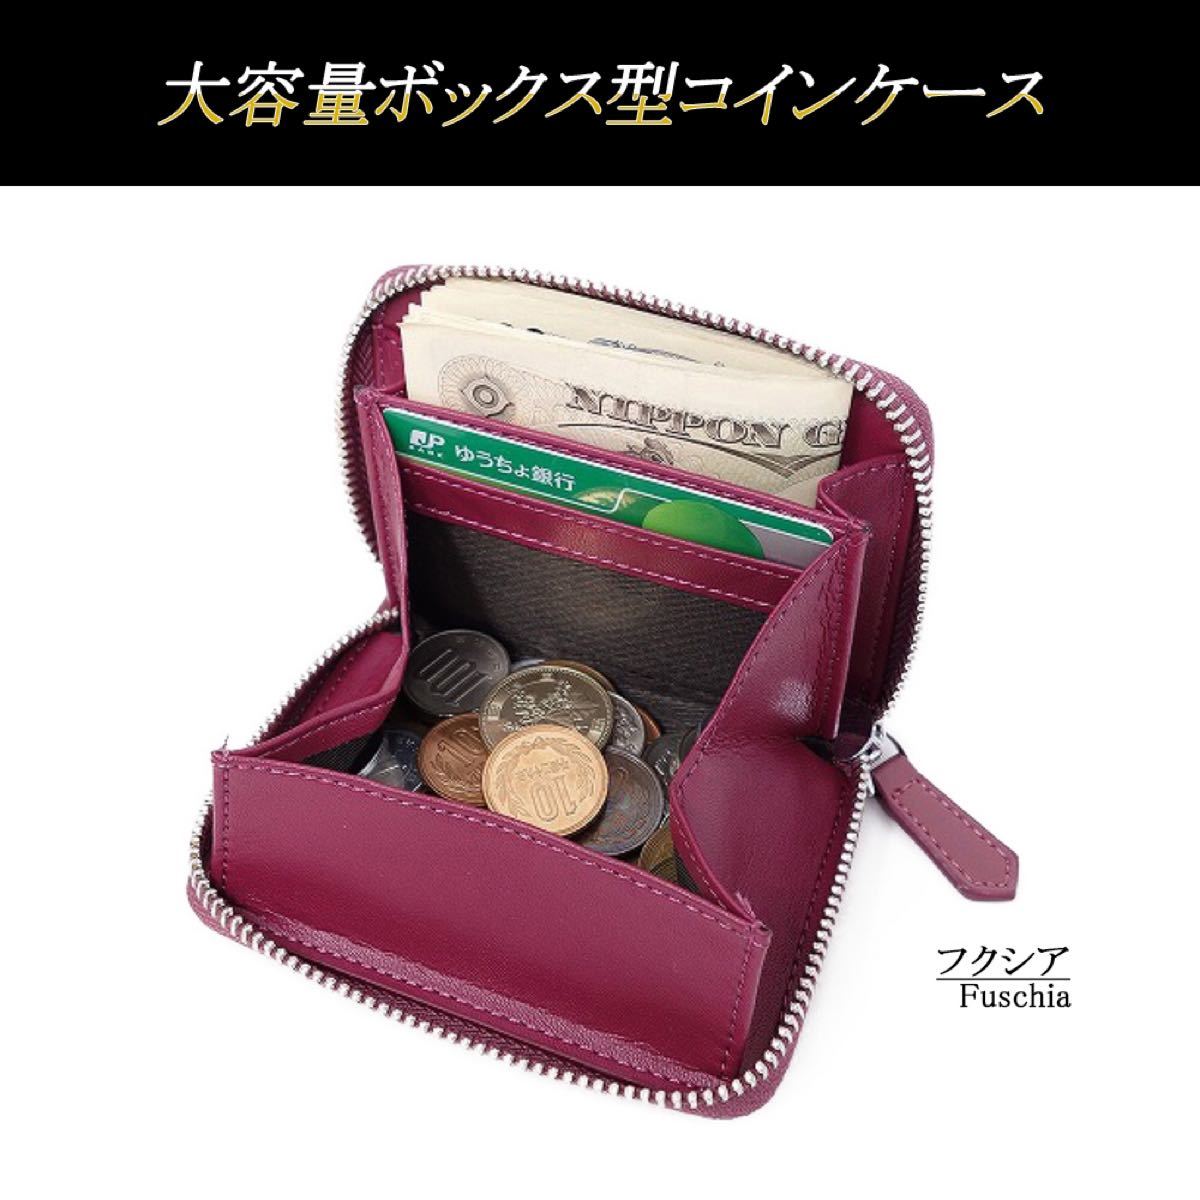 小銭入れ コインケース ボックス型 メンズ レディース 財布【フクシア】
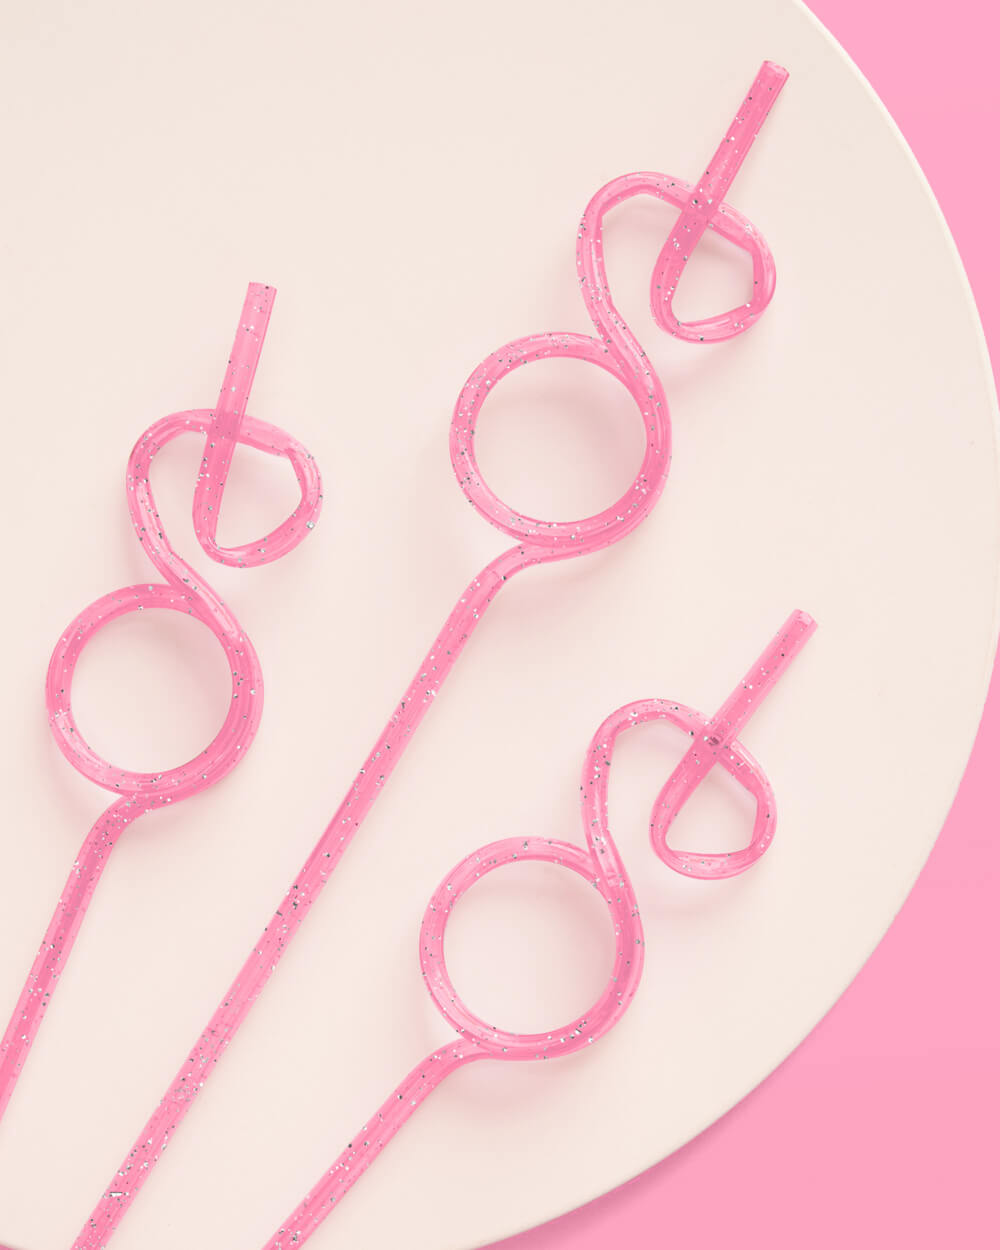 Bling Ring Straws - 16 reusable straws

==

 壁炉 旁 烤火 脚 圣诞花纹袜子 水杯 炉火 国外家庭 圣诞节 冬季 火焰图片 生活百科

• **WORK REQUEST**
Give back exactly the lines of the listing above from the one that contains "小銭入れ コインケース ボックス型 メンズ レディース 財布【フクシア】" up to and including the one that contains "Bling Ring Straws - 16 reusable straws", but not the pictures, and no other lines.

• **EXERCISE SOLUTION**
 小銭入れ コインケース ボックス型 メンズ レディース 財布【フクシア】
 Bling Ring Straws - 16 reusable straws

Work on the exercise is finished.